* What to do
Only one stretch of the data should be retyped: the lines from the line containing "Red Gaming Chair" through the line containing "London, United Kingdom". Keep pictures out of it.

* Information supplied

◇ ◇ ◇ ◇ ◇

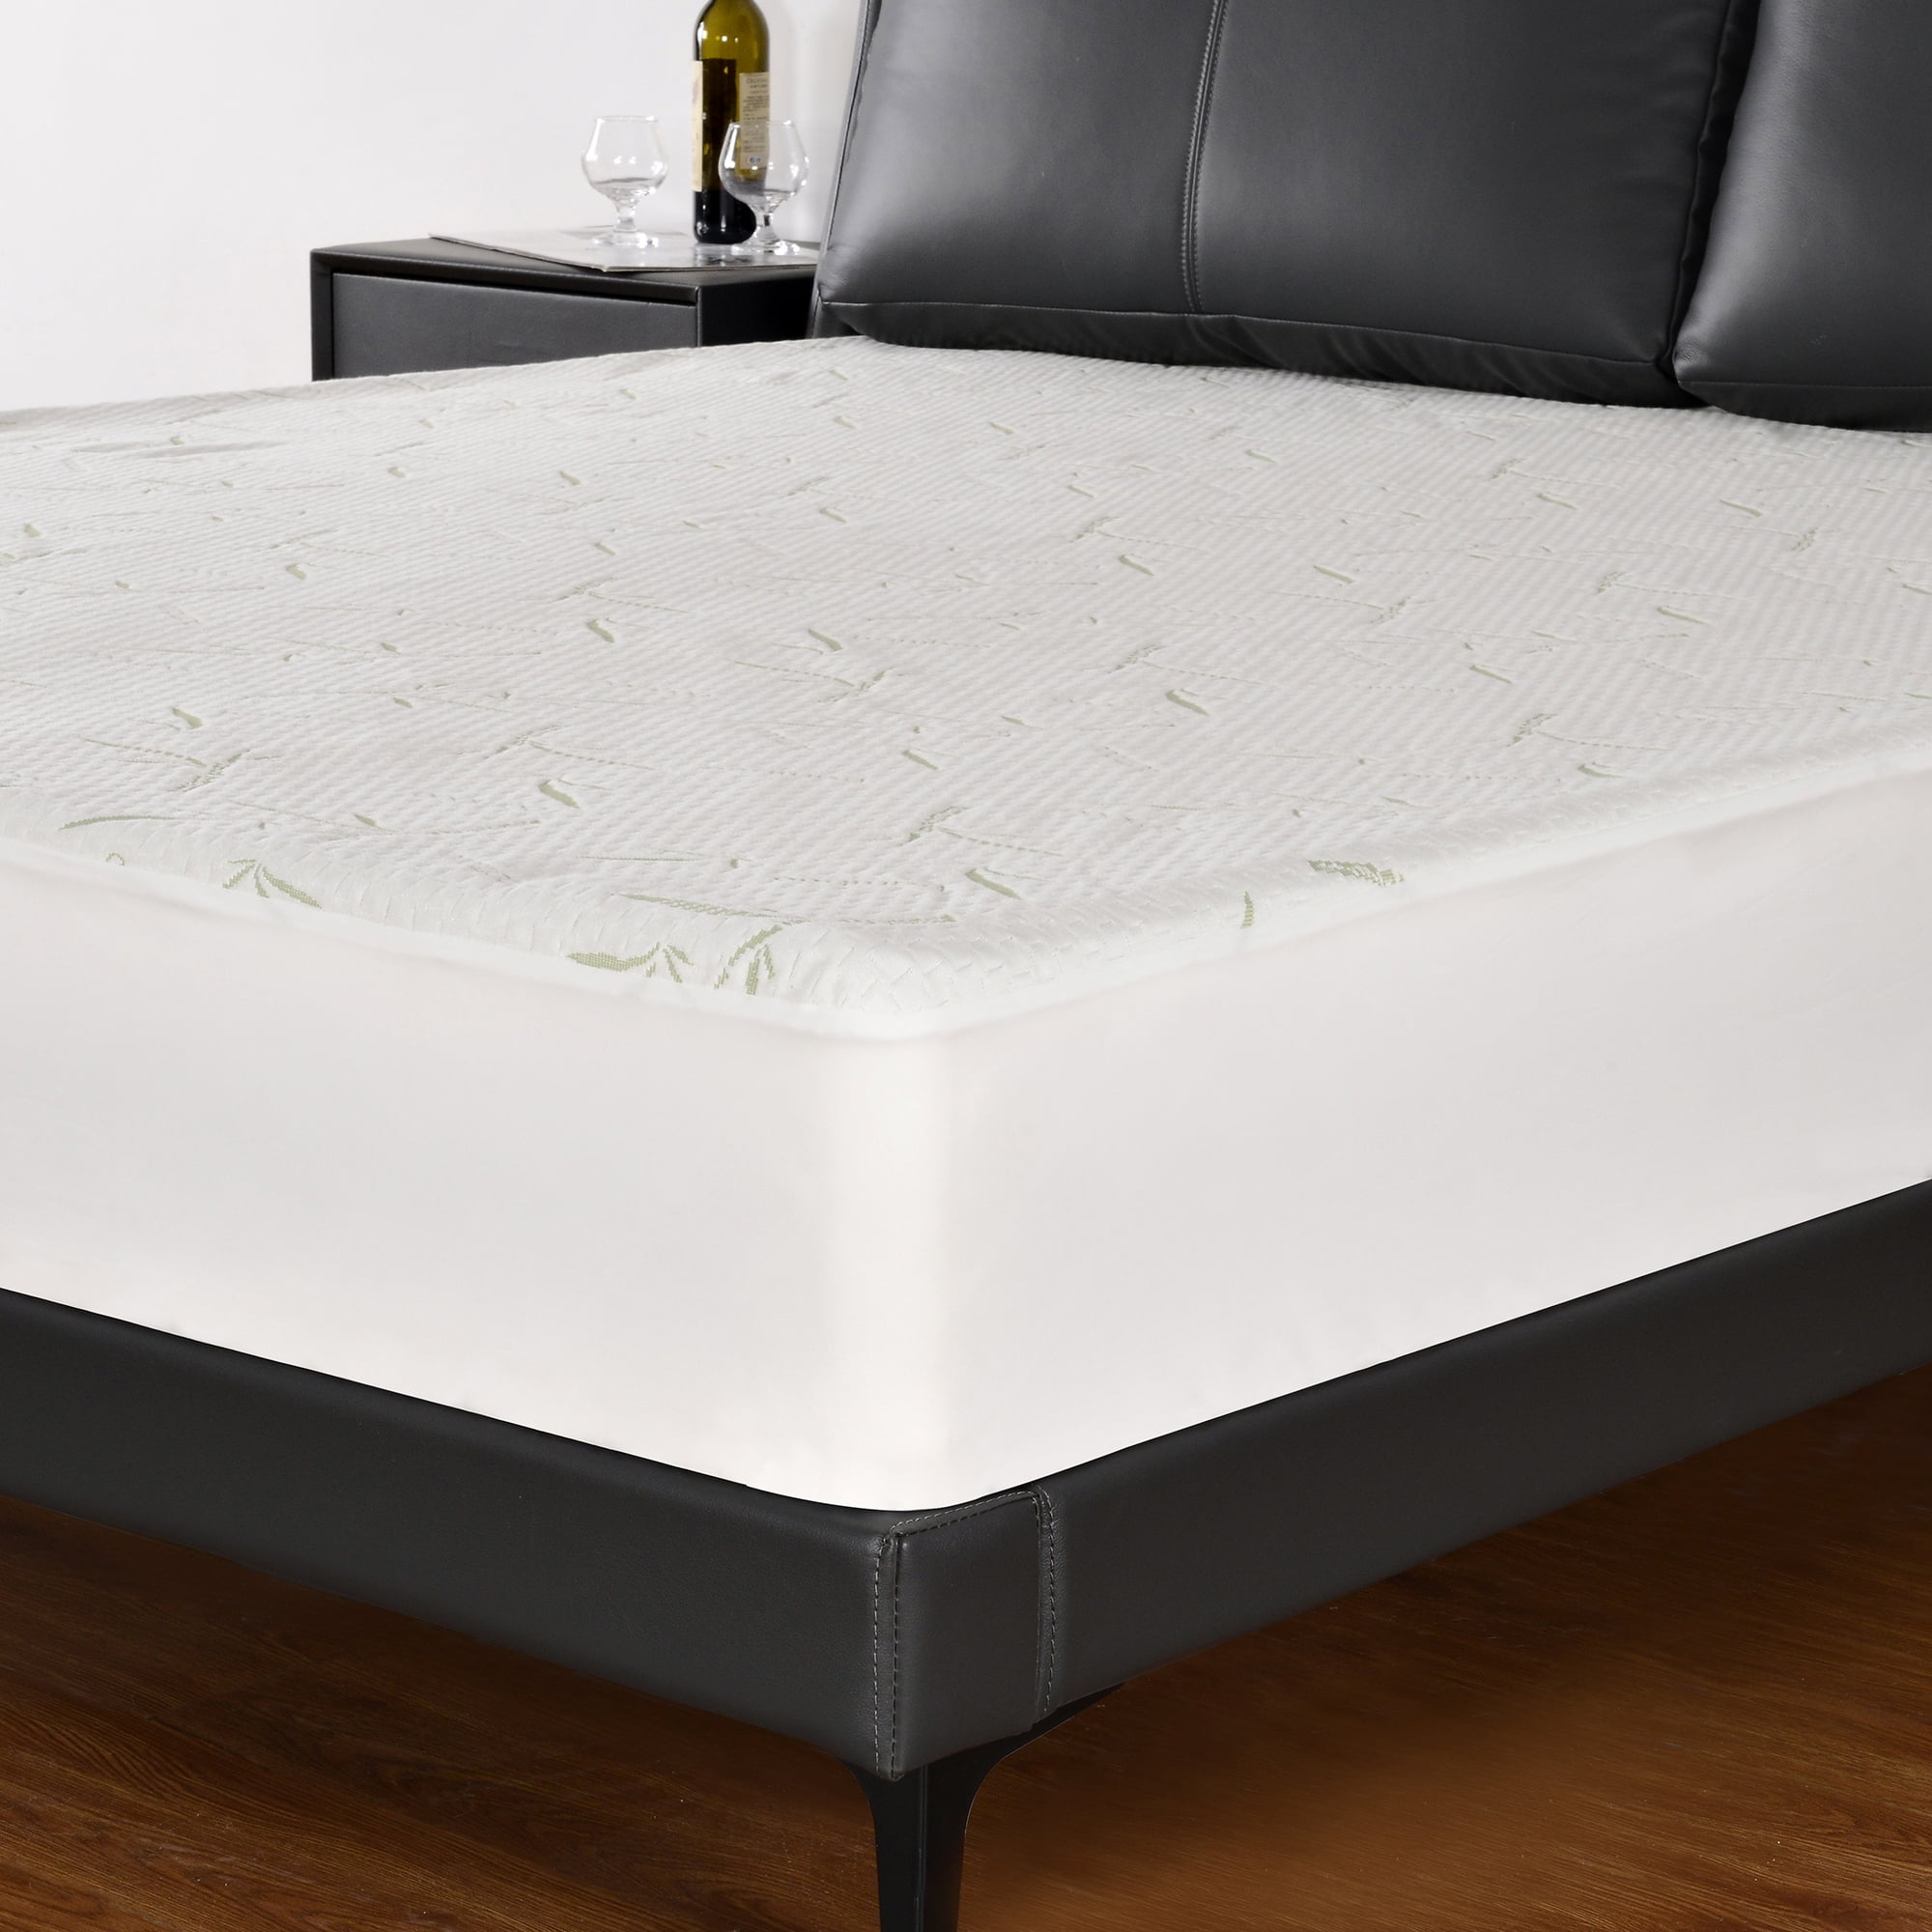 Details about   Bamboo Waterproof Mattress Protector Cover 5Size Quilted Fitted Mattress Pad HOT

◇ ◇ ◇ ◇ ◇

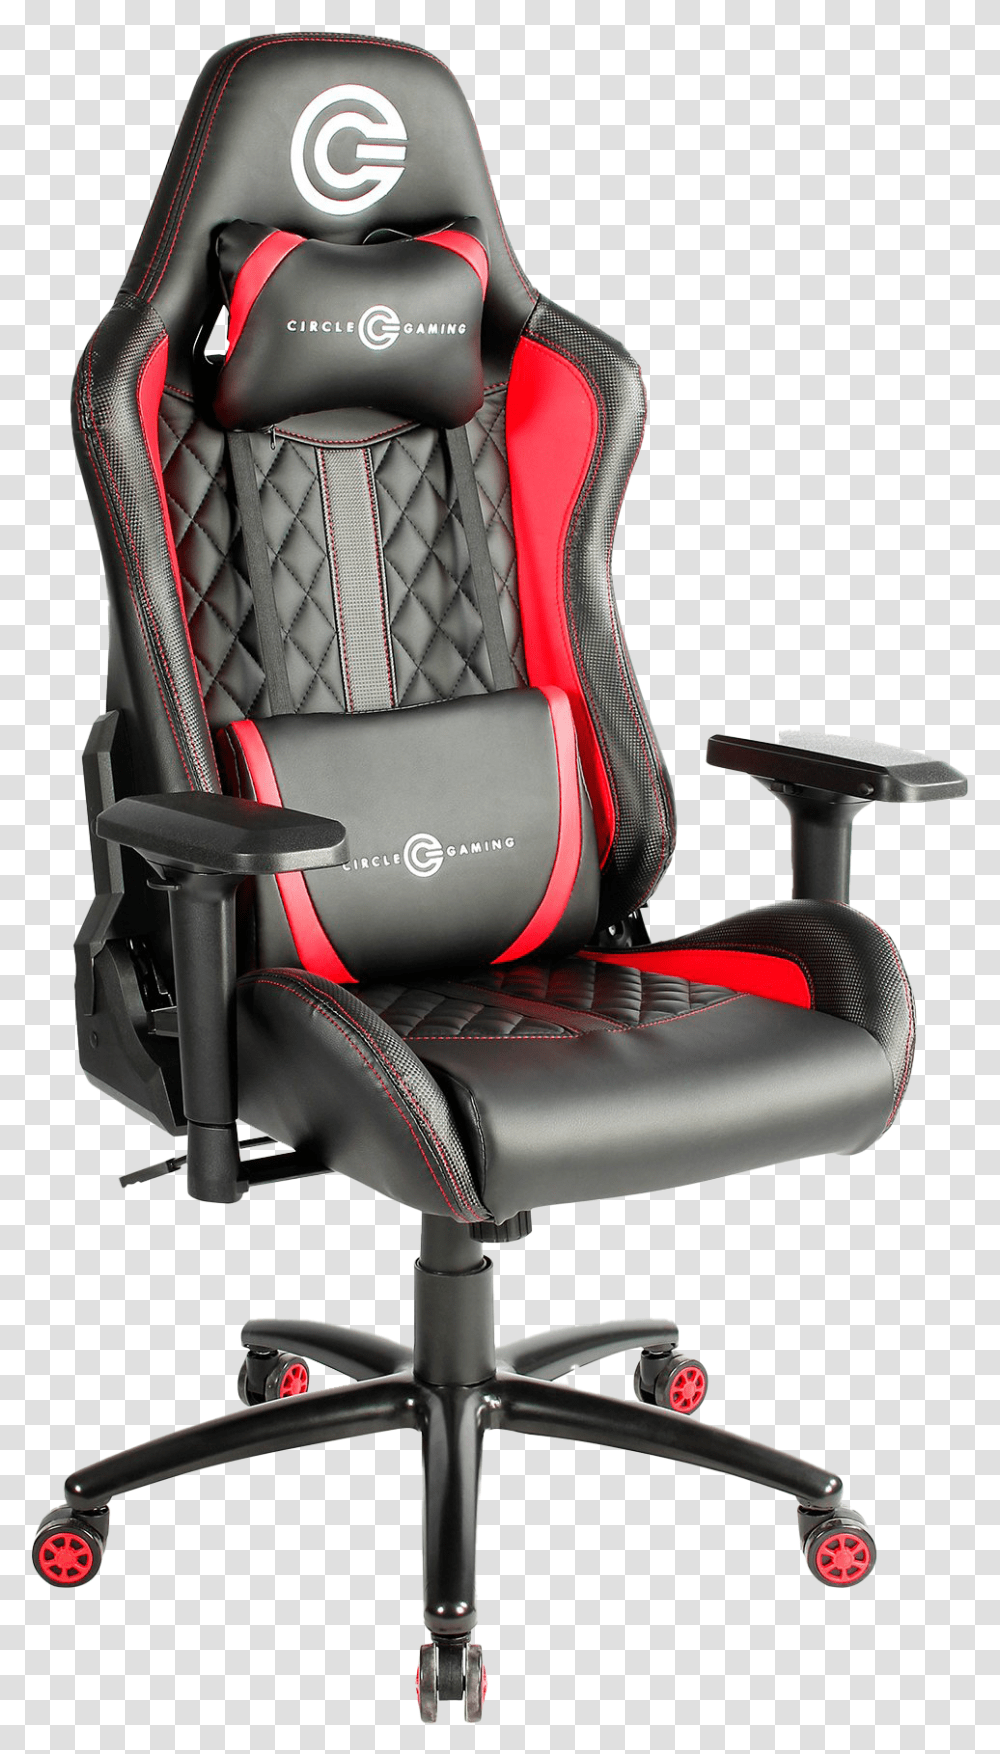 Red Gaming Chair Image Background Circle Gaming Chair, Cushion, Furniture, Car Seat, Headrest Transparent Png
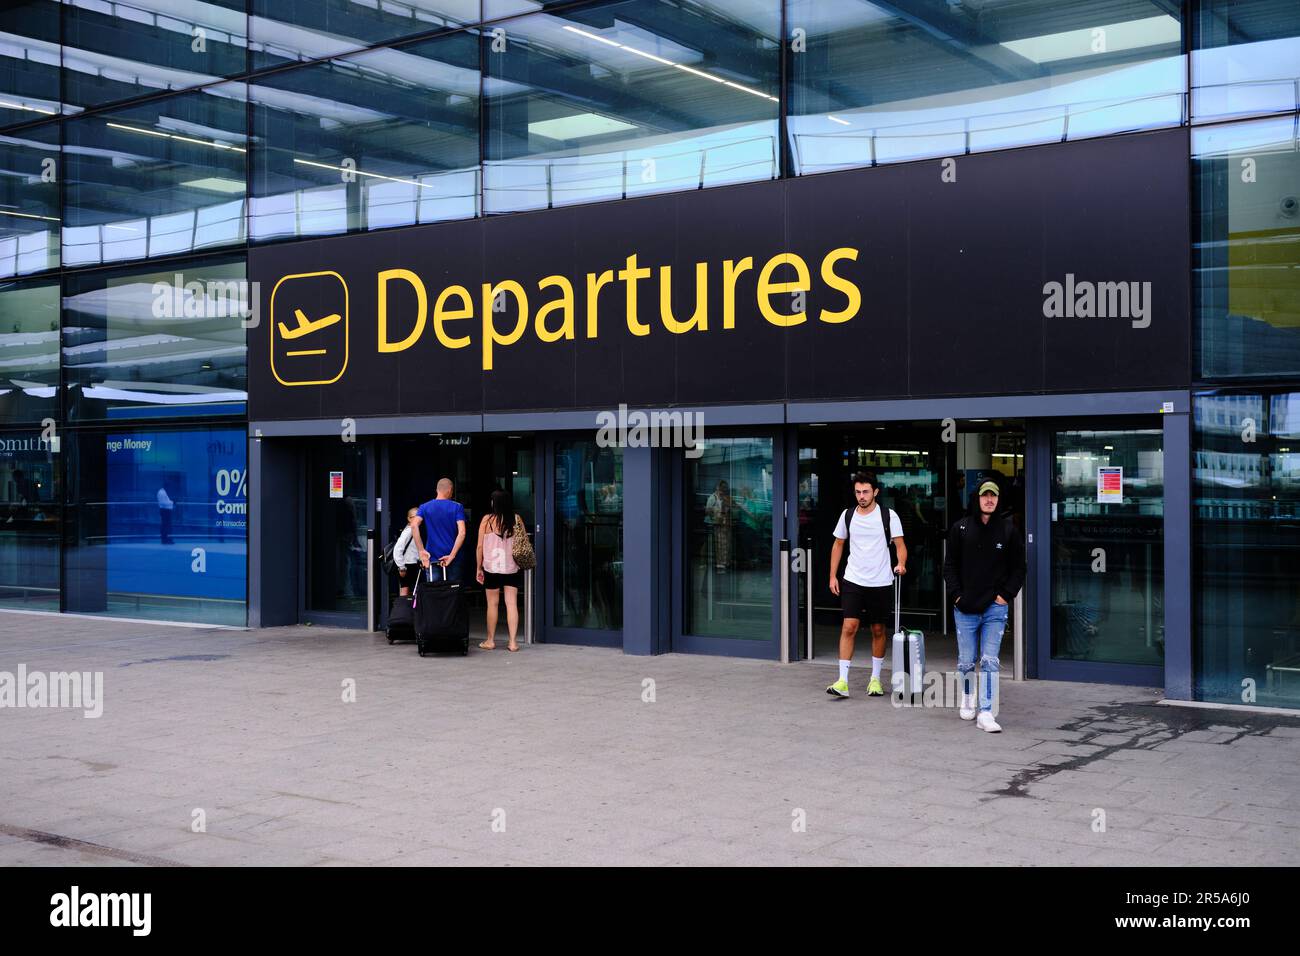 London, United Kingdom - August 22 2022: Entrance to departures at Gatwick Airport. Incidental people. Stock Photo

◇ ◇ ◇ ◇ ◇

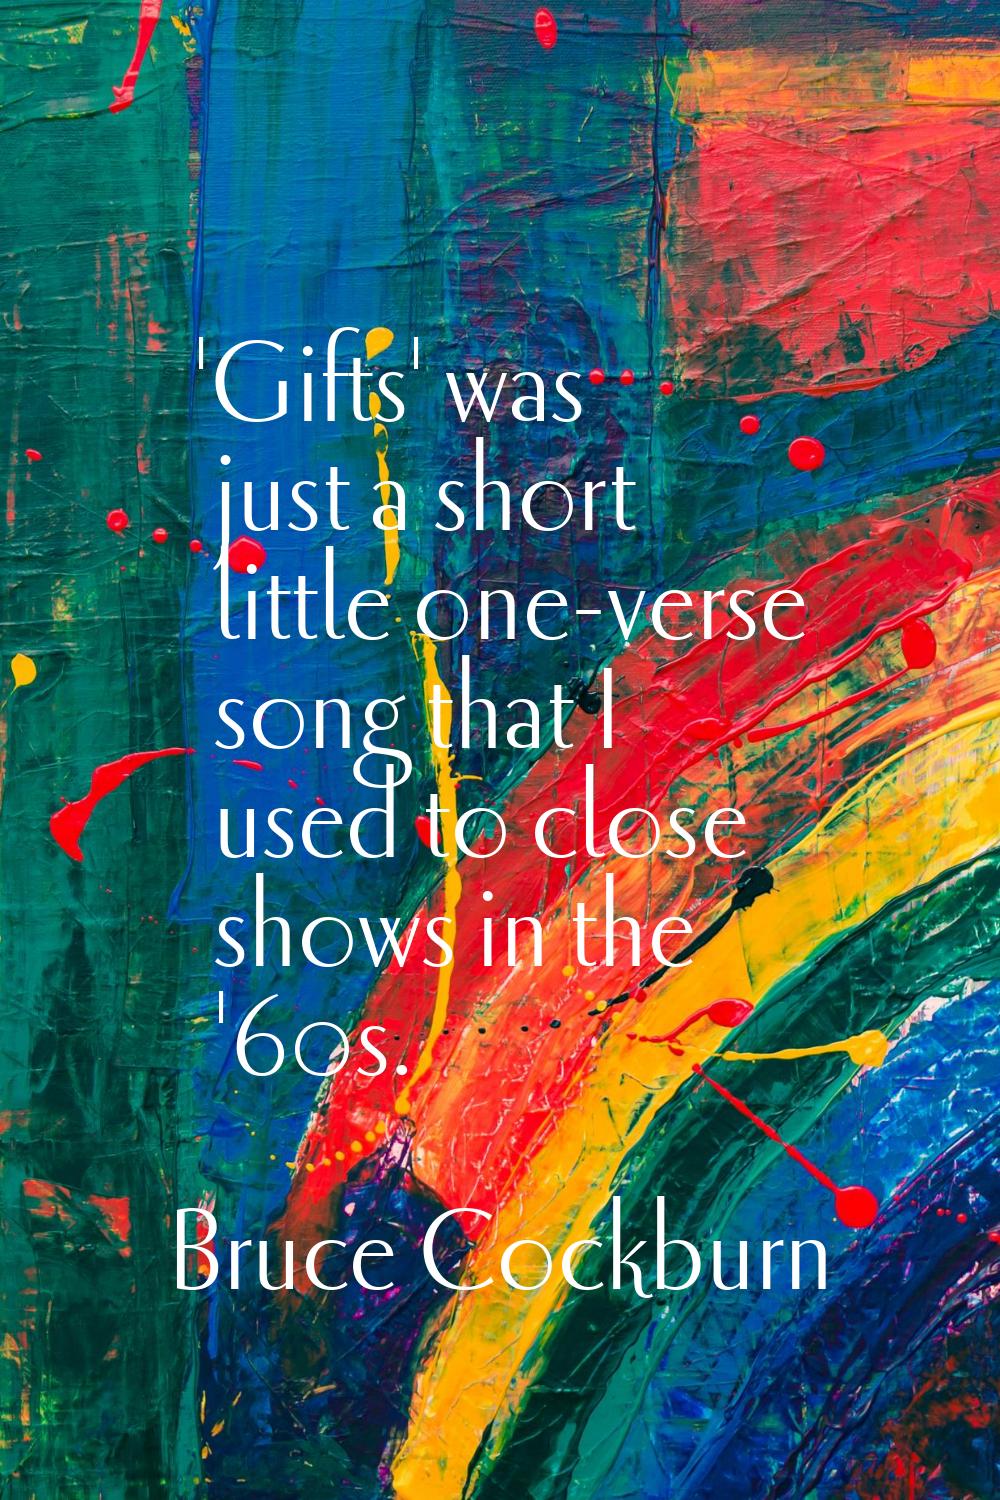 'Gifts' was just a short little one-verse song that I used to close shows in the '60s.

◇ ◇ ◇ ◇ ◇

* Exercise output
 Red Gaming Chair Image Background Circle Gaming Chair, Cushion, Furniture, Car Seat, Headrest Transparent Png
 London, United Kingdom - August 22 2022: Entrance to departures at Gatwick Airport. Incidental people. Stock Photo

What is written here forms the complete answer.